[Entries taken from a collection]
------------------------------------------------------------

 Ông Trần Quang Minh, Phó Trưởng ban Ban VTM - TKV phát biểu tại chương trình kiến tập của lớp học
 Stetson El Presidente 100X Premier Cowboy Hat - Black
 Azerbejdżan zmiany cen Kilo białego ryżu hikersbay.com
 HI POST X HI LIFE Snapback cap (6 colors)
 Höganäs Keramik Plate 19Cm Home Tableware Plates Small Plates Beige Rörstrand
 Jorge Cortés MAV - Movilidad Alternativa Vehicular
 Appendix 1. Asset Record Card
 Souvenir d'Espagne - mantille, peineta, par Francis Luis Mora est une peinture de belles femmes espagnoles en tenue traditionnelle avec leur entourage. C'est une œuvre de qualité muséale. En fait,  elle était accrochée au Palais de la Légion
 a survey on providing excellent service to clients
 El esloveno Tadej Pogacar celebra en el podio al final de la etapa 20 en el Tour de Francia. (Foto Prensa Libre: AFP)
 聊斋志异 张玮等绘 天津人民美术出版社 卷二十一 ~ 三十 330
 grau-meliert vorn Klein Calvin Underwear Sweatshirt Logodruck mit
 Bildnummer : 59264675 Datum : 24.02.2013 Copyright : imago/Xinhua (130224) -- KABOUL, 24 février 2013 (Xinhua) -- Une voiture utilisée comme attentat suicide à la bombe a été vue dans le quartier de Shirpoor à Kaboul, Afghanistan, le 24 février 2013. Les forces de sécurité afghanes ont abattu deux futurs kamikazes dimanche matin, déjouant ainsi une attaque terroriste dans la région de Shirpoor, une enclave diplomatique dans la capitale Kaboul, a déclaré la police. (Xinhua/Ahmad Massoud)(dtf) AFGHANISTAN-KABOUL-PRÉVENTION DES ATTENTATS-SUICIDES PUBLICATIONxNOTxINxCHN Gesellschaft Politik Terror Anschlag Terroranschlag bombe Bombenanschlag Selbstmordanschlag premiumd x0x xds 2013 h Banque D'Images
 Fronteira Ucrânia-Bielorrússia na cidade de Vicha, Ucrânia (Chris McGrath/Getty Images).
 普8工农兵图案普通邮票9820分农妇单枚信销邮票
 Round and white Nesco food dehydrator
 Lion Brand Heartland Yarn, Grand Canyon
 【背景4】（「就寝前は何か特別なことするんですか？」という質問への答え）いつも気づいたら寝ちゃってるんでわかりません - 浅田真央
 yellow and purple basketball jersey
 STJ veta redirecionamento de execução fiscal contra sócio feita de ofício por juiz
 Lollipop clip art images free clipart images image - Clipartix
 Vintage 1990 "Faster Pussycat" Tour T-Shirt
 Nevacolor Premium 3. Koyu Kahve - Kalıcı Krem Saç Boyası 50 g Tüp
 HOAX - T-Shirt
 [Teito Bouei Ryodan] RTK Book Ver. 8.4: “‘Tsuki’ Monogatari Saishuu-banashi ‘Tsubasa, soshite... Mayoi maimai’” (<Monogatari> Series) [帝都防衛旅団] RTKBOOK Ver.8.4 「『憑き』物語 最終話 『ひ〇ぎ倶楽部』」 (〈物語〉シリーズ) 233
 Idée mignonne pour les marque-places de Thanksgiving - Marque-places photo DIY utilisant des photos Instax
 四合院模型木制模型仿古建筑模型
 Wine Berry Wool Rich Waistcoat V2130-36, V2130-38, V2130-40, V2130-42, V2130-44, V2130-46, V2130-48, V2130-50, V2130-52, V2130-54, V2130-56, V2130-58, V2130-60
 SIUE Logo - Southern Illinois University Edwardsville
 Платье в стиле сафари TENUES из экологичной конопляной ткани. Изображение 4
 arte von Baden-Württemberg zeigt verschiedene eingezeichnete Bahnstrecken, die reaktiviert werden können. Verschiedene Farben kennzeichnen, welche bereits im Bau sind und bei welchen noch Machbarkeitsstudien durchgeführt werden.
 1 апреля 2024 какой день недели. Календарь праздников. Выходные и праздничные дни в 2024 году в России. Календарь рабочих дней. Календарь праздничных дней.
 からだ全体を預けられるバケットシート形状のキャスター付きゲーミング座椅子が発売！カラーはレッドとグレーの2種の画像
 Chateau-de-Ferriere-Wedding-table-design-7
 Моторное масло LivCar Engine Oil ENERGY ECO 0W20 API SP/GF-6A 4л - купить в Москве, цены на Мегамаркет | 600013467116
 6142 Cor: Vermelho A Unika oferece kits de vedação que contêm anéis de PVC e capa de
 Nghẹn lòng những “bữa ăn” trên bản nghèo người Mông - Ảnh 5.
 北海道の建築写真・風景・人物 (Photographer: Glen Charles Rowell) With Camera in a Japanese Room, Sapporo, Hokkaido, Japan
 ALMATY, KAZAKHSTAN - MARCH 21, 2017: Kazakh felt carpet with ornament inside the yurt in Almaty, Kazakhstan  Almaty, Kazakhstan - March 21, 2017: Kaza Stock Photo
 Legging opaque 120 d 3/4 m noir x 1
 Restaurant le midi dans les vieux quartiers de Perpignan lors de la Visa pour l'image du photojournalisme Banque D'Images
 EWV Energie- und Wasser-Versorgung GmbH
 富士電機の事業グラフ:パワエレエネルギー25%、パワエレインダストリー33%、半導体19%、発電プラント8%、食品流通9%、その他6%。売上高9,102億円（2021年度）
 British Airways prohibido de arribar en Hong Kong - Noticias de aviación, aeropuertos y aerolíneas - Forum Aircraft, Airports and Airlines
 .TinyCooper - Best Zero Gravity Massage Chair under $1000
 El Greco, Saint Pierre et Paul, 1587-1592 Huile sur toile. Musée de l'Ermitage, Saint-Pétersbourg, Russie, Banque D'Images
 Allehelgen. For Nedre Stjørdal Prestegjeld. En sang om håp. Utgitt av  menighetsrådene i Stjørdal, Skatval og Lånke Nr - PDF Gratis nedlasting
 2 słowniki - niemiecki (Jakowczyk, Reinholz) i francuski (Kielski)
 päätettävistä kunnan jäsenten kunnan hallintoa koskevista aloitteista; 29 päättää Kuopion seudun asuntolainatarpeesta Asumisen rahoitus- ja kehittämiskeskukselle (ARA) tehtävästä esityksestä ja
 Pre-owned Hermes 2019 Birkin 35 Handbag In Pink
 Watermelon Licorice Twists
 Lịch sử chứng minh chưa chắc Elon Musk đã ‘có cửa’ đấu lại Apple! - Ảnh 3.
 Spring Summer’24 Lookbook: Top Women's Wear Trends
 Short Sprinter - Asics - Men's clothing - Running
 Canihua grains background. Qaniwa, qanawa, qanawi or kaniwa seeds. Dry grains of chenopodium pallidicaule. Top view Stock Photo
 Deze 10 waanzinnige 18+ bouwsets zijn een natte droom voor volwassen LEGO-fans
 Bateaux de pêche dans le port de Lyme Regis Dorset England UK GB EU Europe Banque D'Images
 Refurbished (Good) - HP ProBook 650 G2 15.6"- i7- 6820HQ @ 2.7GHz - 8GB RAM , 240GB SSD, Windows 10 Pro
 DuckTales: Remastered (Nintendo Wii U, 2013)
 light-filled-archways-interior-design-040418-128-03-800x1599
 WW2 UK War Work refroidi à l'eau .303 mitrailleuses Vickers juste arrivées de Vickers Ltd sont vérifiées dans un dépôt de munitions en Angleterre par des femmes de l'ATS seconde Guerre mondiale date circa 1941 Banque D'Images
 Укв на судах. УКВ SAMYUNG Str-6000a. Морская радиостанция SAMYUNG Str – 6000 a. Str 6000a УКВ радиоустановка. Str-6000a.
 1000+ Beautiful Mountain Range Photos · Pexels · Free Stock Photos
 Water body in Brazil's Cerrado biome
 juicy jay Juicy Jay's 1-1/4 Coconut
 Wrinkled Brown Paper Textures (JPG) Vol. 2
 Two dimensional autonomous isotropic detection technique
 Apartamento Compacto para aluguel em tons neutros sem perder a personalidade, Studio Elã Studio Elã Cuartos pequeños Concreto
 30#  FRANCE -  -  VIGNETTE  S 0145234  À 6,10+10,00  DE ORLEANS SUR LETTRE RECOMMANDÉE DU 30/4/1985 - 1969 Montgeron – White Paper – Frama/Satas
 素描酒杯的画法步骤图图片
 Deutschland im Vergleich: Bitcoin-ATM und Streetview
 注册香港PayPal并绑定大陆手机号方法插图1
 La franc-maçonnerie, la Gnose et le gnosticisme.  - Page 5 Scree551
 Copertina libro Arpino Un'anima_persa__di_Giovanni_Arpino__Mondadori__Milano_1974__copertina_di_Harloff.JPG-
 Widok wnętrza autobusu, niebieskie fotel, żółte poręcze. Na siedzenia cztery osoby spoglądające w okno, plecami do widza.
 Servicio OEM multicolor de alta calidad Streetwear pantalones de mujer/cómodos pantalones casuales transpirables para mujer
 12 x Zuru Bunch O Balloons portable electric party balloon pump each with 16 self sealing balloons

------------------------------------------------------------

-- AIM OF THE TASK --
Pull out every line in the data above that has the word "para".

-- SOLUTION TO THE PROBLEM --
 Apartamento Compacto para aluguel em tons neutros sem perder a personalidade, Studio Elã Studio Elã Cuartos pequeños Concreto
 Servicio OEM multicolor de alta calidad Streetwear pantalones de mujer/cómodos pantalones casuales transpirables para mujer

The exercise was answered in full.